Penyingkapan Teknologi Modern
Teknologi
modern bukanlah seni tangan (work of
craftmanship), namun suatu penyingkapan. Terkait hal ini, Borgmann menulis:
“He (Heidegger) describes the particular
mode of disclosure that is technology and, very importantly, the revealing that
modern technology constitutes”.[9] Pendeskripsian
tersebut menekankan lima istilah kunci dari filsafat teknologinya, yakni challenges (herausforden), positions
(stellen), orders (bestellen), resource (der Bestan) dan the framework (das Gestell). Kelimanya
merupakan bentuk penyingkapan dominan dalam teknologi modern.
Penyingkapan
yang dominan dari teknologi ini menuntut alam secara berlebihan. Alam dan bumi
dilihat sebagai persediaan (Bestand,
standing reserve) yang dapat diambil, disimpan, dan digunakan.
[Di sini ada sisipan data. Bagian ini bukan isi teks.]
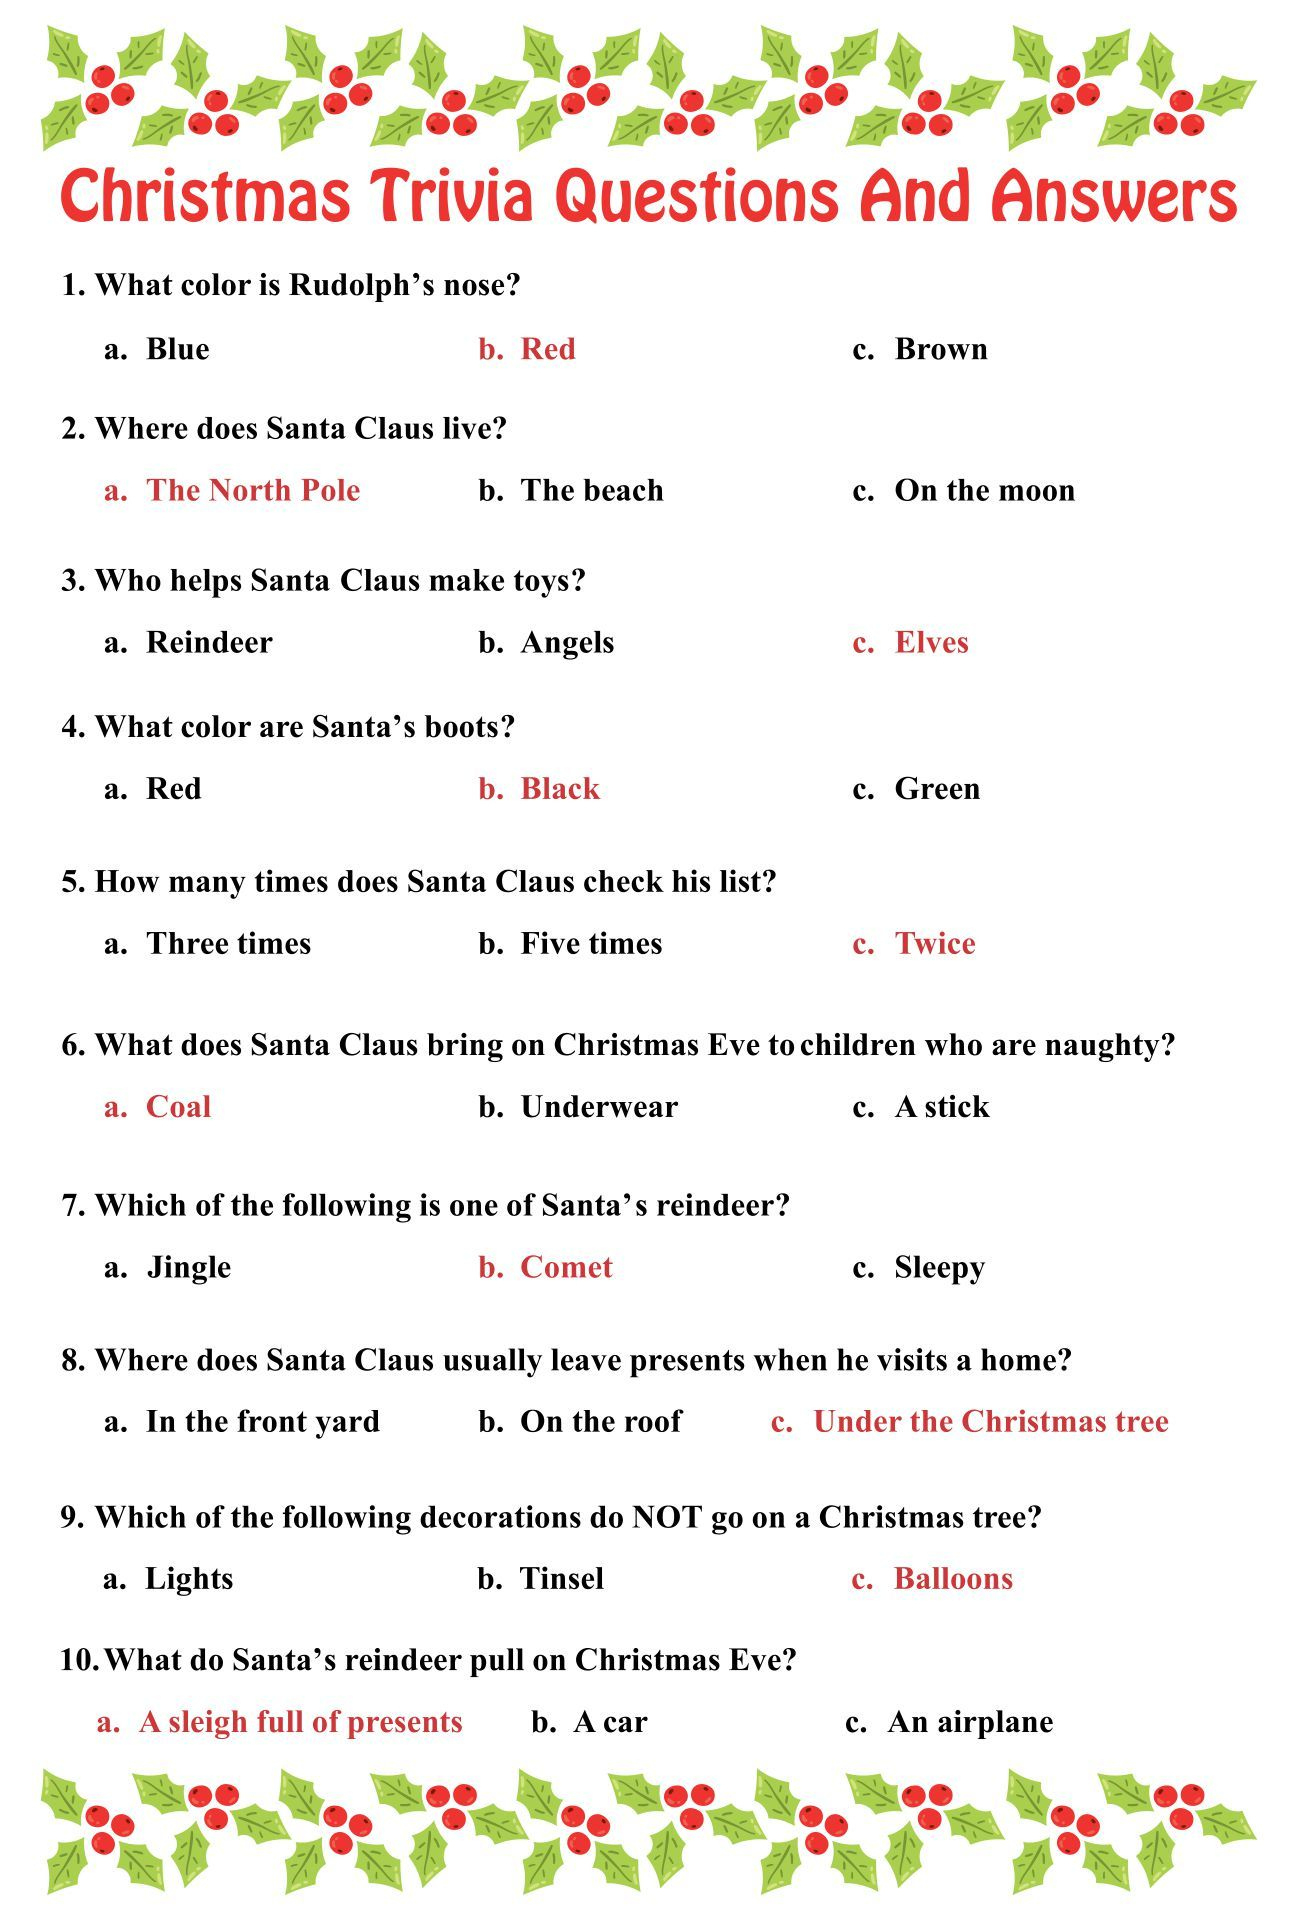 Printable Christmas Trivia Questions | Printablee | Christmas for Free Christmas Picture Quiz Questions And Answers Printable

Oleh
Heidegger, cara pandang seperti ini disebut sebagai Ge-stell (enframing), yakni membingkai. Sebagai penyingkapan, teknologi
muncul dalam proses membingkai, yakni suatu cara yang sistematik dalam
memandang dunia secara terbatas. Dengan membingkai, seluruh bumi dilihat
sebagai persediaan dan alam dilihat sebagai sumber energi untuk kegunaan
instrumental manusia. Dalam pembingkaian, ketidaktersembunyian disingkapkan di
mana teknologi modern menyingkapkan yang real sebagai persediaan.
Heidegger
menyatakan bahwa esensi teknologi tidak bersifat teknologis, tetapi
eksistensial. Esensi teknologi terletak dalam cara pandang kita terhadap alam.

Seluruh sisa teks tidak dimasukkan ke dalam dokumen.